Streamline dataset configuration for AI model training with structured input and versatile settings for image-based datasets.

FL Kohya Dataset Config:

The FL_KohyaSSDatasetConfig node is designed to streamline the configuration of datasets for training AI models, particularly in the context of image-based datasets. This node allows you to specify various parameters related to your dataset, such as image files, captions, and resolution settings, ensuring that your dataset is prepared correctly for training. By providing a structured way to input these parameters, the node helps in organizing and managing your dataset efficiently, which is crucial for achieving high-quality training results. The node also supports optional conditioning images and various configuration settings that can be tailored to your specific needs, making it a versatile tool for AI artists looking to optimize their training workflows.

FL Kohya Dataset Config Input Parameters:

workspace_config

This parameter specifies the workspace configuration required for the dataset. It is essential for setting up the environment where the dataset will be processed.

images

This parameter accepts image files that will be used in the dataset. The images are a crucial part of the training data and should be of high quality to ensure effective training.

captions

This parameter takes a string input for captions associated with the images. Captions provide context and additional information about the images, which can be useful for training models that require textual descriptions.

enable_bucket

This parameter allows you to enable or disable the bucketing feature. The default value is "enable". Bucketing helps in organizing images into different categories based on certain criteria, which can improve the efficiency of the training process.

resolution

This parameter sets the resolution for the images in the dataset. The default value is 1024. Higher resolutions can provide more detailed images but may require more computational resources.

num_repeats

This parameter specifies the number of times each image should be repeated in the dataset. The default value is 1, with a minimum value of 1. Repeating images can help in balancing the dataset and improving training results.

caption_extension

This parameter allows you to specify the file extension for caption files. The default value is ".caption". You can choose between ".caption" and ".txt" based on your preference.

batch_size

This parameter sets the batch size for processing the images. The default value is 1, with a minimum value of 1. A larger batch size can speed up the training process but may require more memory.

force_clear

This parameter allows you to enable or disable the force clear feature. The default value is "disable". Enabling this feature will clear existing data before processing new data, ensuring a clean workspace.

force_clear_only_images

This parameter allows you to enable or disable the force clear only images feature. The default value is "disable". Enabling this feature will clear only the images, leaving other data intact.

image_format

This parameter specifies the format of the images in the dataset. The default value is "jpg". You can choose between "png", "jpg", and "webp" based on your requirements.

dataset_config_extension

This parameter allows you to specify the file extension for the dataset configuration file. The default value is ".json". You can choose between ".toml" and ".json" based on your preference.

conditioning_images

This optional parameter accepts additional images that can be used for conditioning the dataset. These images can provide extra context or information that can be useful for training.

FL Kohya Dataset Config Output Parameters:

workspace_images_dir

This output parameter provides the directory path where the processed images are stored. This path is essential for accessing the images during the training process and ensures that all images are organized in a single location.

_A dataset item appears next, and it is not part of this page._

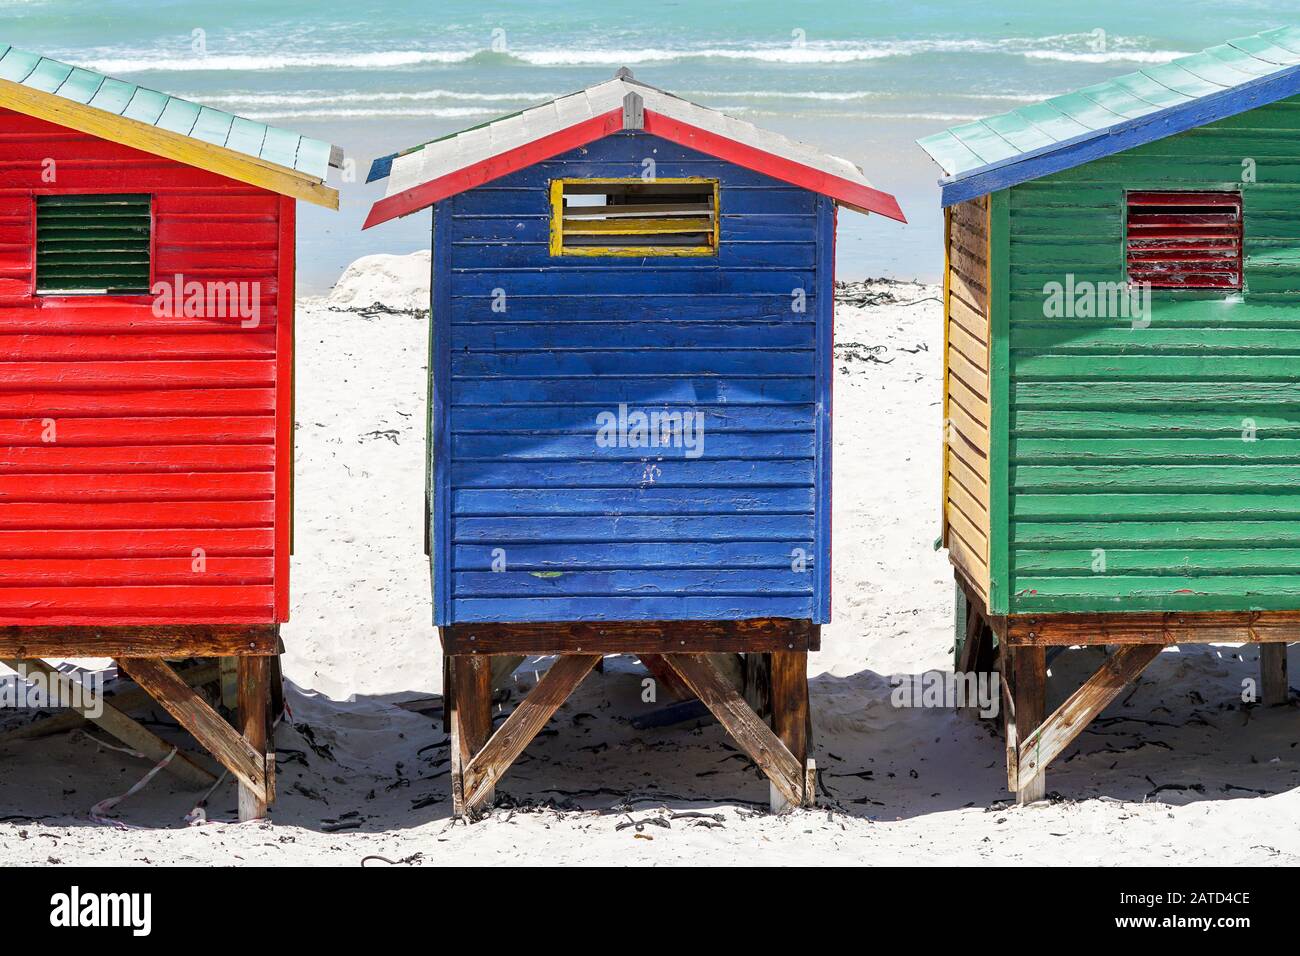 colourful, multicoloured beach huts, cabins old and wooden with peeling paint at Muizenberg beach, Cape Peninsula,South Africa concept abstract summer Stock Photo

FL Kohya Dataset Config Usage Tips:

  • Ensure that your images and captions are of high quality and accurately labeled to achieve the best training results.
  • Use the enable_bucket feature to organize your images into categories, which can help in managing large datasets more efficiently.
  • Adjust the resolution parameter based on your computational resources. Higher resolutions provide more detail but require more processing power.
  • Utilize the num_repeats parameter to balance your dataset, especially if you have a limited number of images.
  • Choose the appropriate image_format and dataset_config_extension based on your workflow and compatibility with other tools.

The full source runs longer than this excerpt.